__WORK ITEM__
Once you find the line with "View from the" in the listing below, set down exactly every line from it through the line with "Tree Clip art", but no pictures.

-- SOURCE DATA follows --

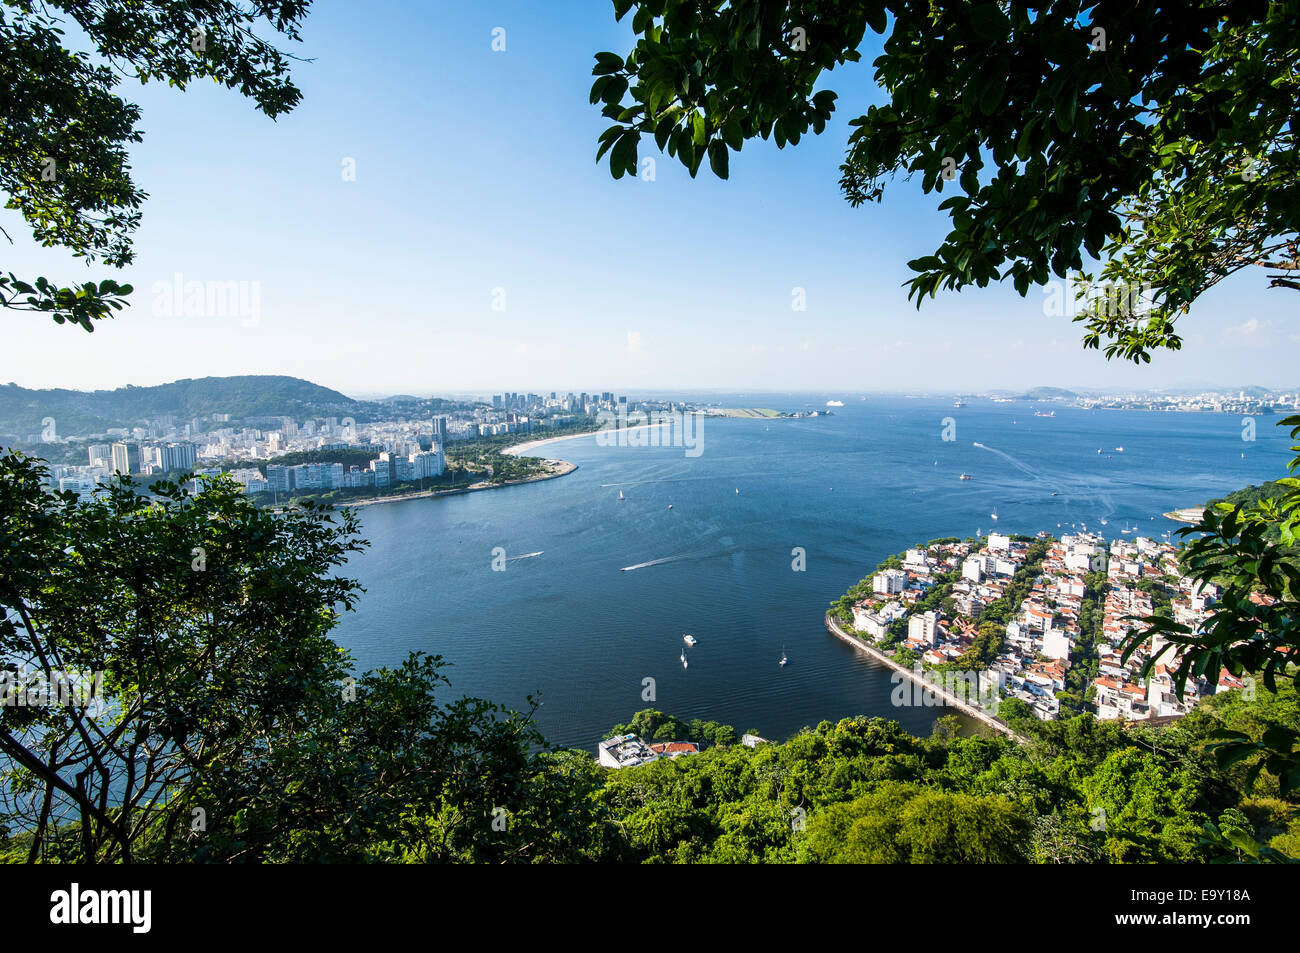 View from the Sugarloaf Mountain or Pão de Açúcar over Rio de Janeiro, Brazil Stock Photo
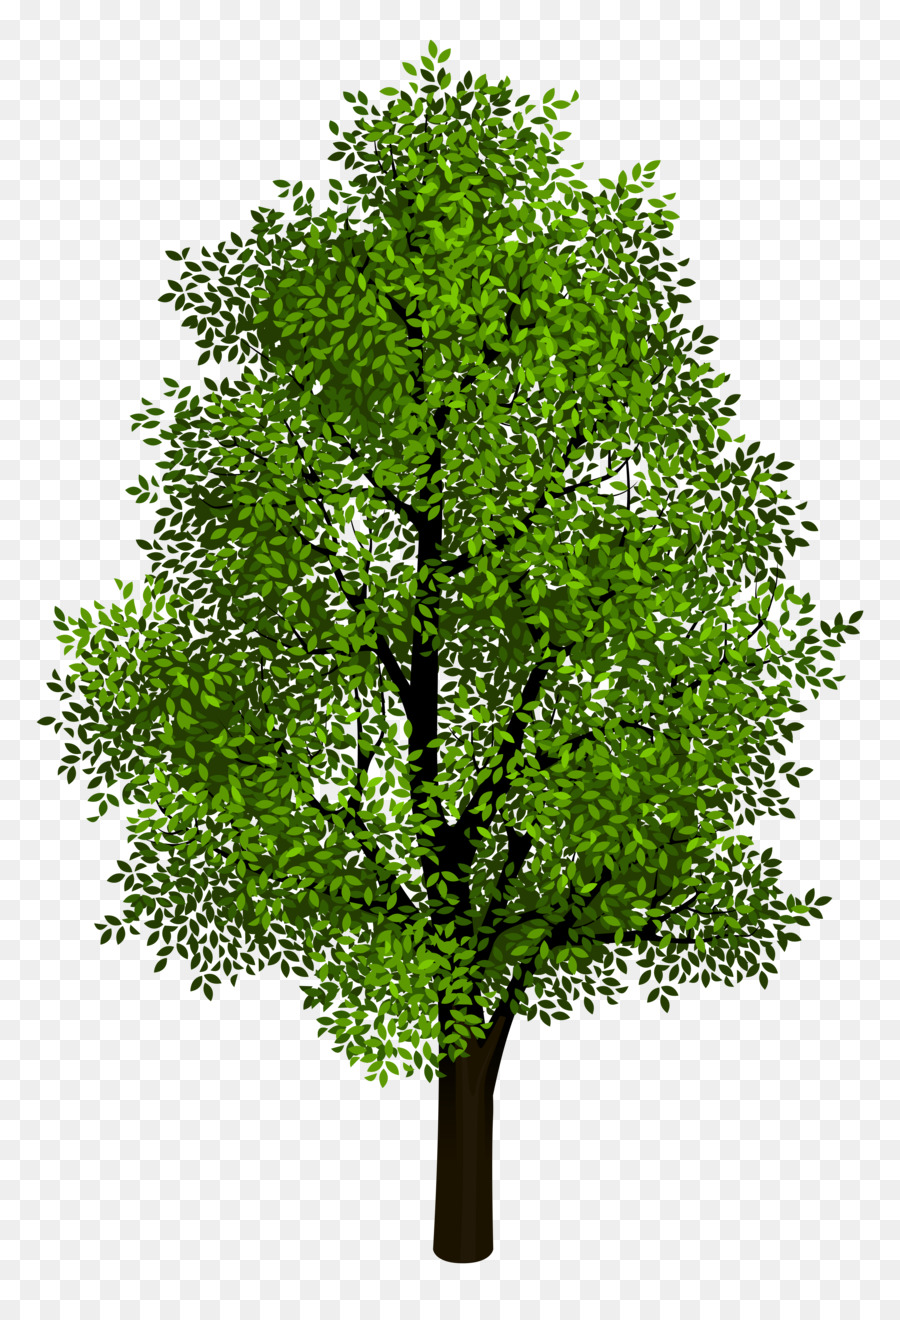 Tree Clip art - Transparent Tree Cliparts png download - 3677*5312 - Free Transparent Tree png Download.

-- SOURCE DATA concluded --
-- SOURCE DATA follows --

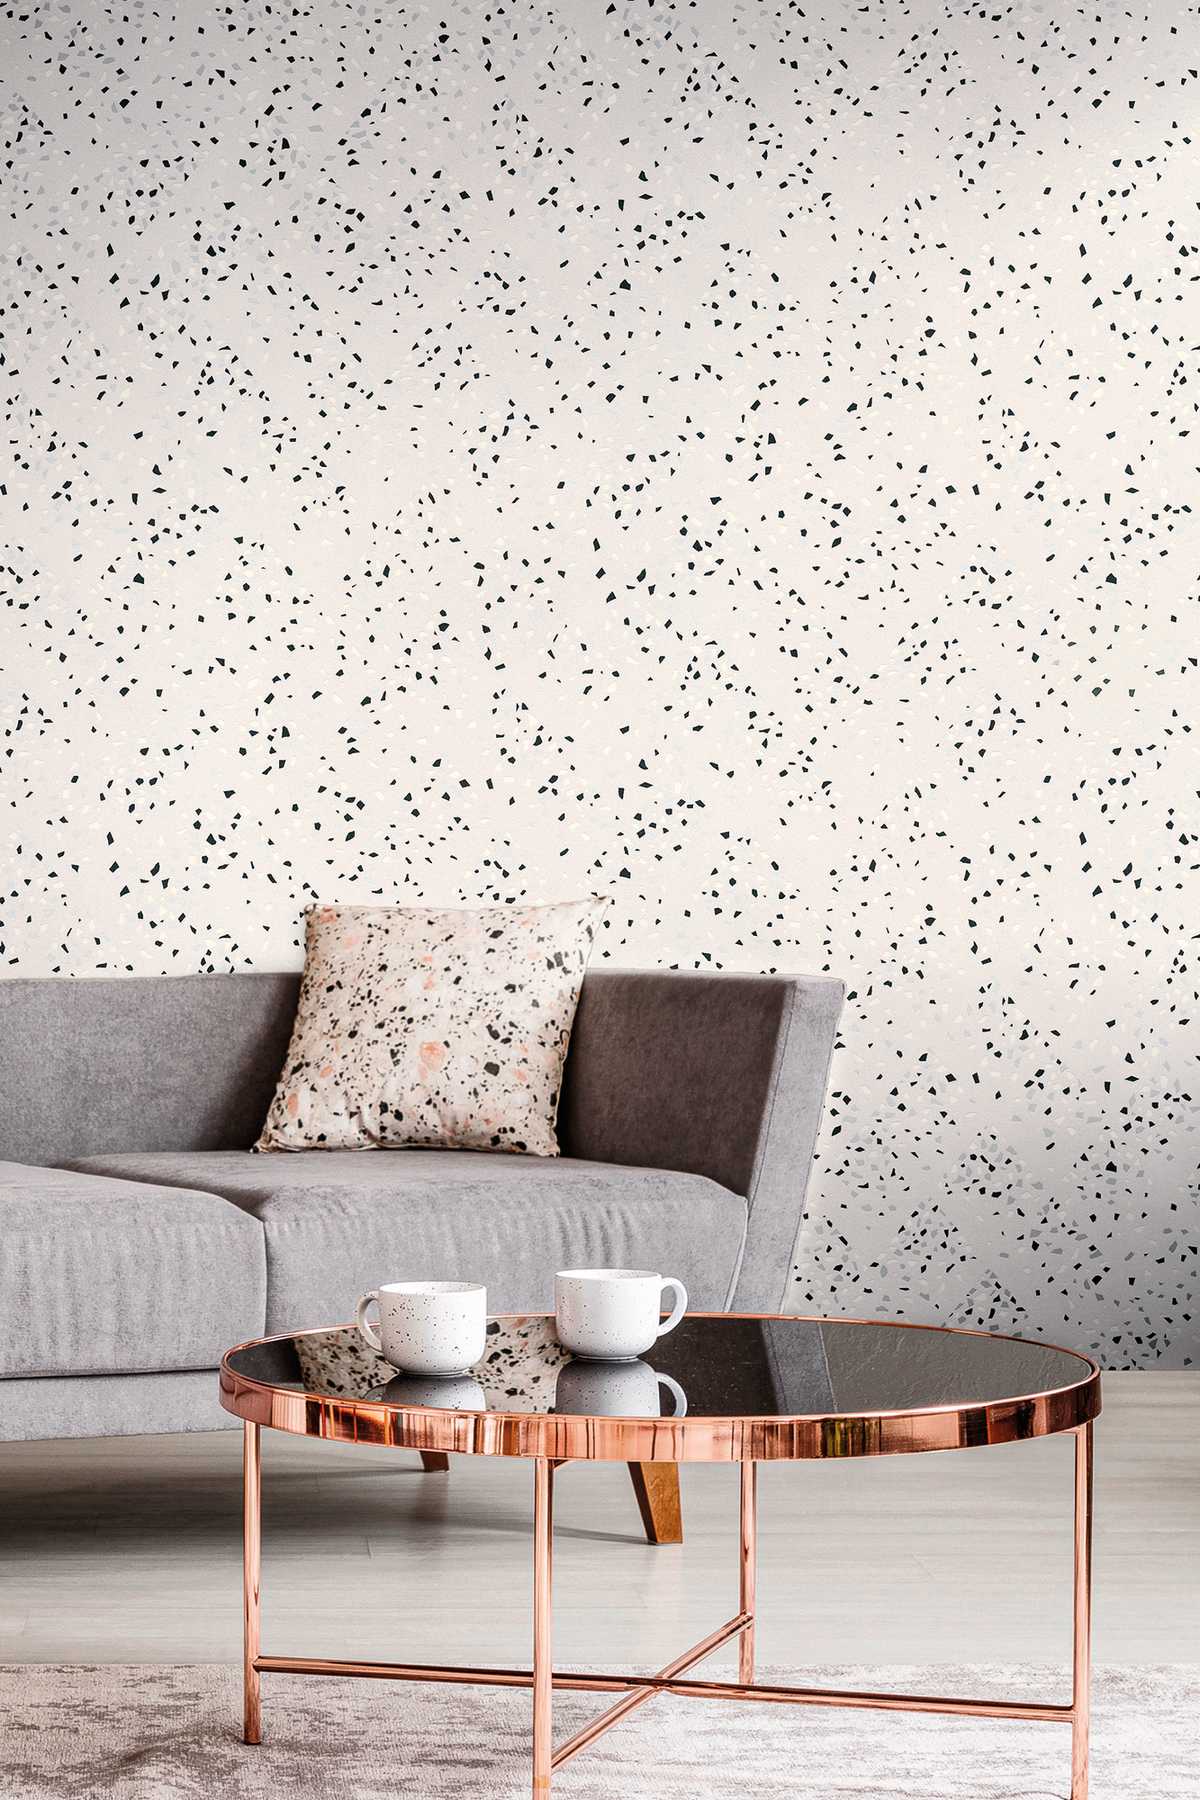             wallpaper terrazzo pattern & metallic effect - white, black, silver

-- SOURCE DATA concluded --

__REPLY TO THE EXERCISE__
 View from the Sugarloaf Mountain or Pão de Açúcar over Rio de Janeiro, Brazil Stock Photo
 Tree Clip art - Transparent Tree Cliparts png download - 3677*5312 - Free Transparent Tree png Download.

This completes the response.